Overfitting your data: Don’t do it!
This week’s reading briefly discussed the concept of overfitting a model, this concept seemed rather important so I decided to investigate it further.
When choosing a model, it is important to ensure that the model fits your data set and that the data included in the model promotes the findings of your research. James et. al. (2013) explains, if your variable provides only a subtle increase to R2 (the square of the correlation) then you are better off leaving the variable out of the model. If you include the variable, it will likely lead to poor results on independent test samples, this is due to overfitting the model.
This concept of overfitting a model specifically relates to sample size, the larger the sample size the less likely you are to over fit a model when investigating complex research questions. Overfitting a model can cause the “regression coefficients, p-values, and R-squared to be misleading” (Frost, 2015). Using the marketing example from the James et al. (2013), the R² of all three advertising methods was 0.8972; the R² of TV and radio sales was 0.89719. Although the p-value of the newspapers was not significant, its inclusion still increased the R² value slightly. Since adding another variable will always increase R² it must allow you to fit the data more accurately (James et. al., 2013).

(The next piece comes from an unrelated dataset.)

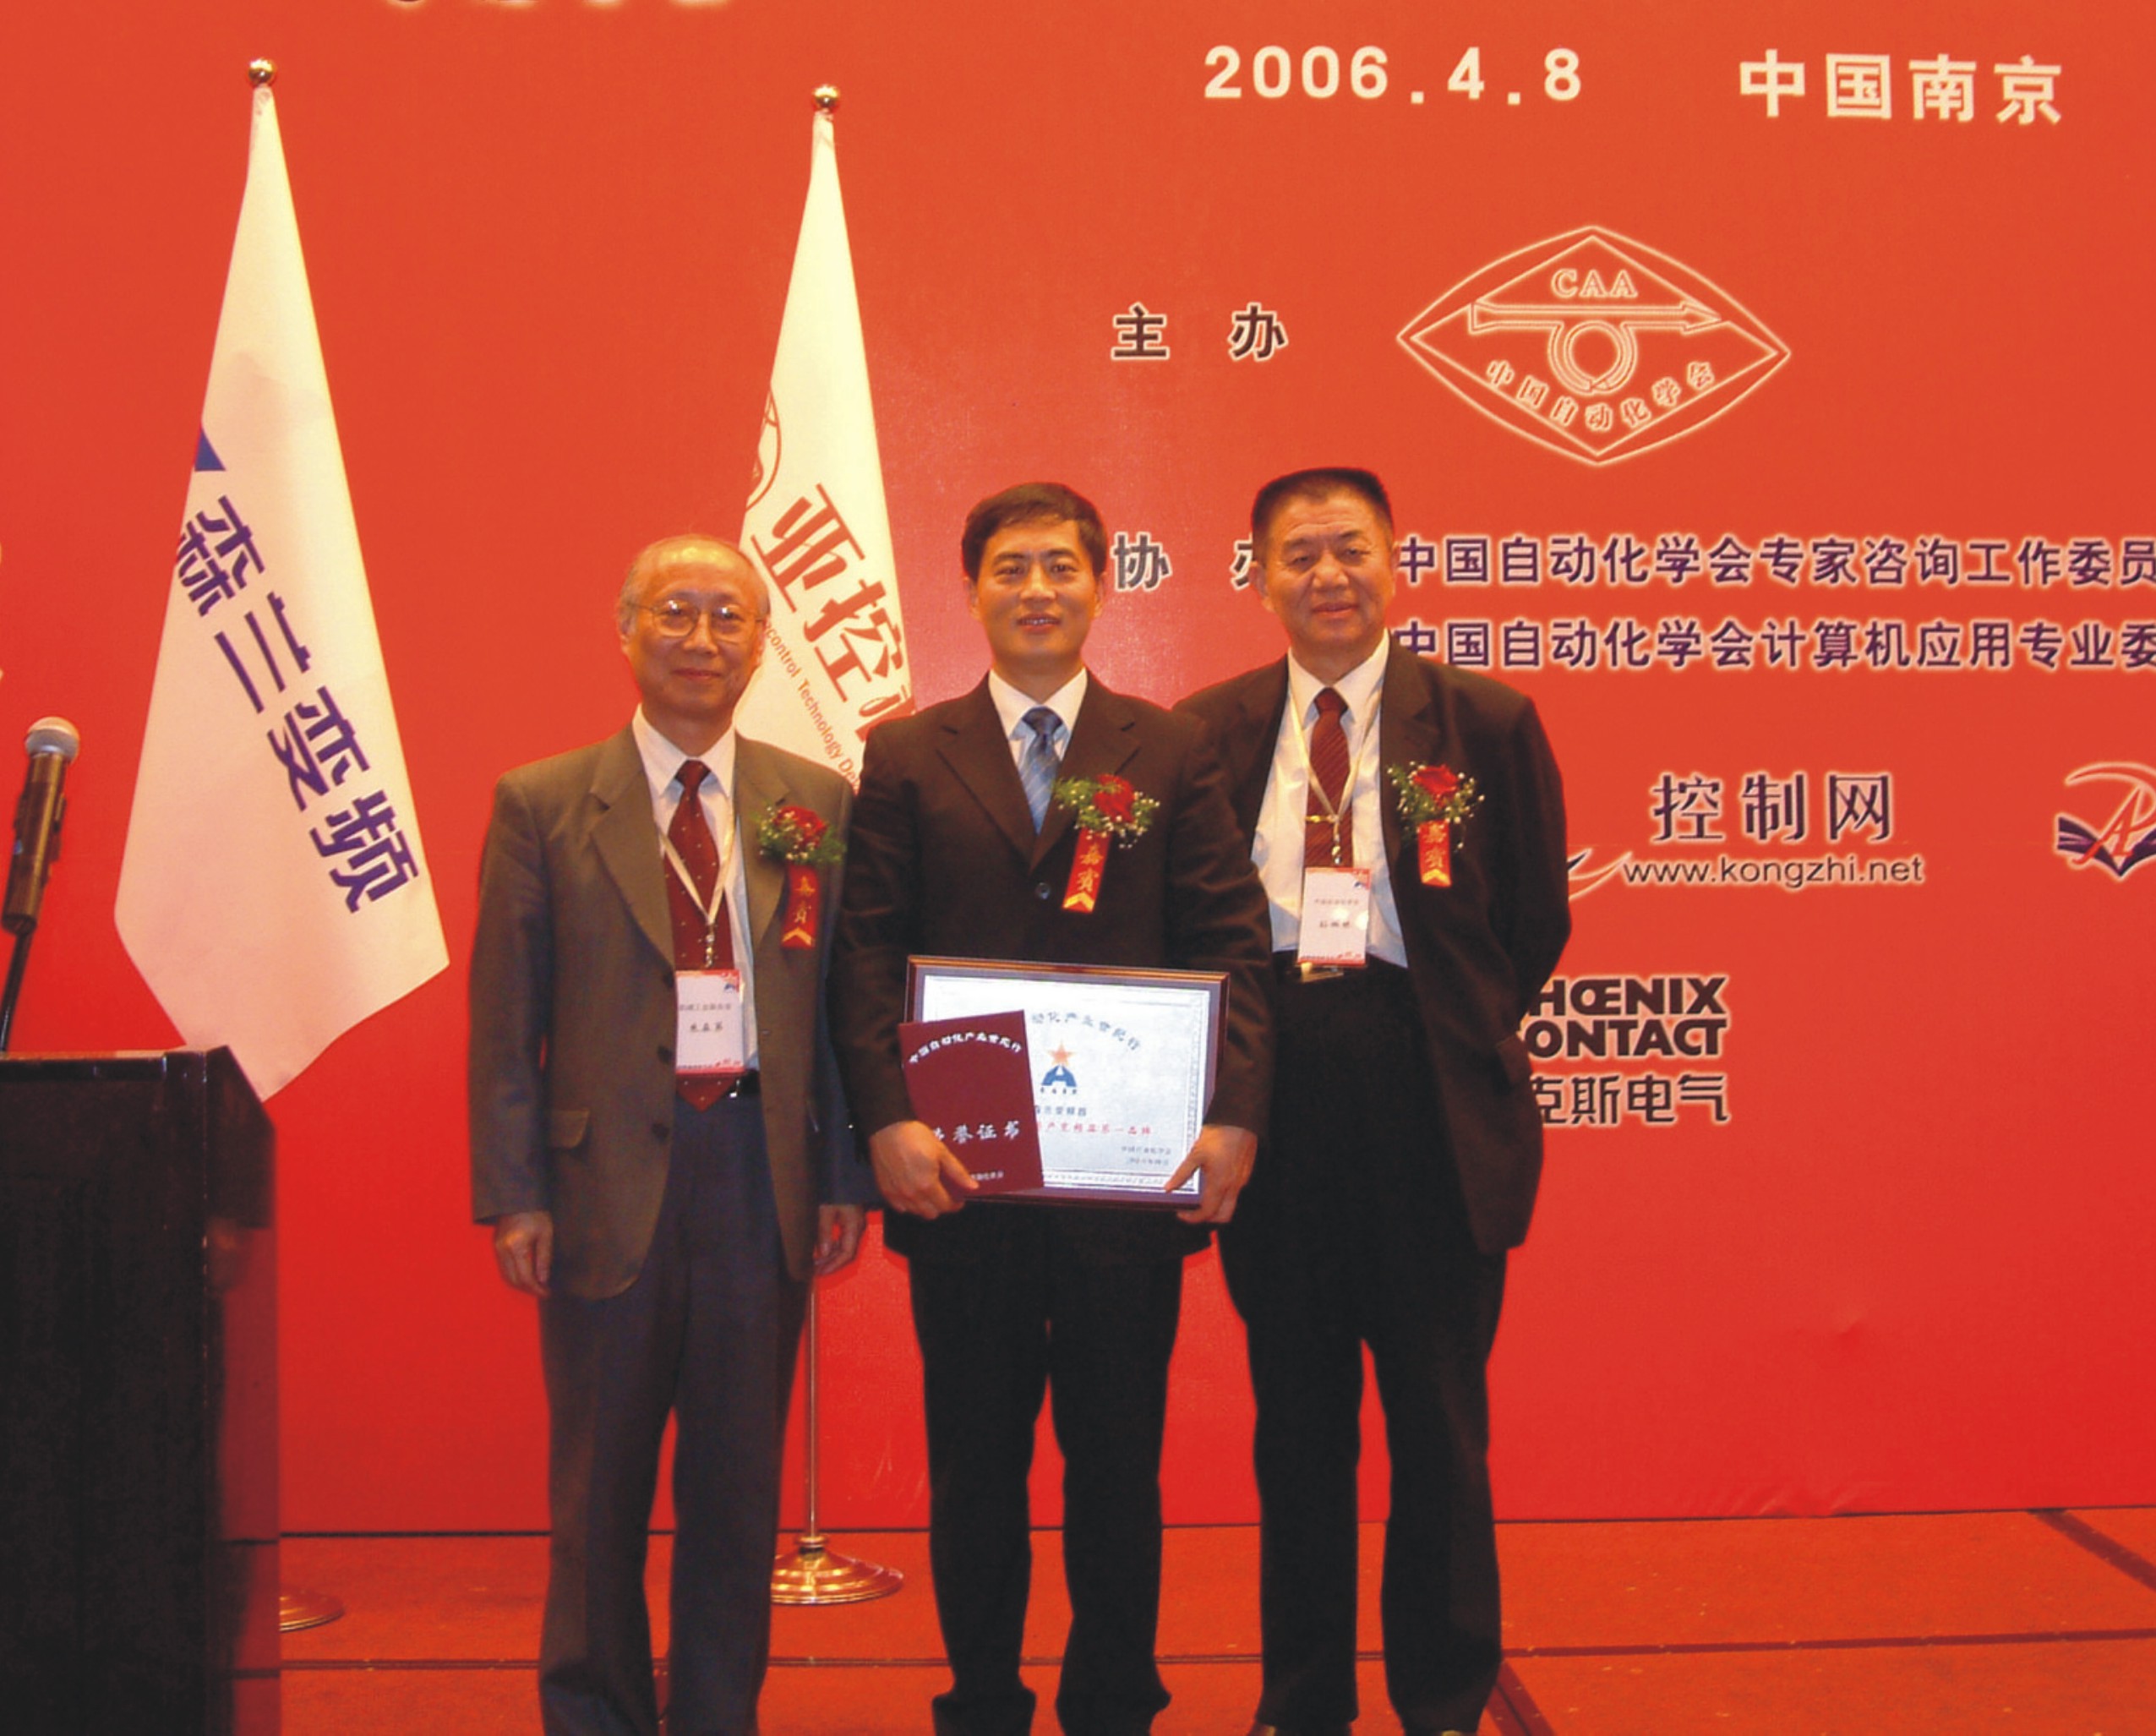 In 2005, Senlan won the “Best Domestic Inverter Brand” award

Babyak (2004) suggests the following strategies to avoid overfitting, (1) collect more data, the larger the sample size, the less likely you are to over fit the model, (2) combine predictors, reduce the number of variables in a model by combining closely correlated predictors or fix some of the regression coefficients if they have been over studied, (3) use a shrinkage estimator (included in many statistical packages), this allows you to see what the estimated model would look like against a new data set.
Let’s take a look at an example provided by Babyak (2004) regarding eliminating regression coefficients of over studied work. Research literature is crowded with studies proving a consistent risk ratio of age and cardiac events. Due to the amount of accepted research findings, Babyak suggests that we can accept that this relation has been proven and can be removed from the data. This action will save a degree of freedom and help to avoid overfitting the model.
An application of removing a regression coefficient in my area of interest, education and learning science, might occur if we are studying the outcome of a new reading curriculum for Kindergarten. If the data collected included information regarding the link between low SES and low word recognition in Kindergarten, we might eliminate this coefficient regression because this topic has been highly research and is generally an accepted conclusion. (You can find more examples of these strategies in Babyak’s article.)
Replication of research assists in the validation of your study, but if you make the mistake of overfitting a model, a failure to replicate is likely to occur (Frost, 2015). Ultimately this will create skepticism and raise questioning about your research, a reputation no professional wants to have.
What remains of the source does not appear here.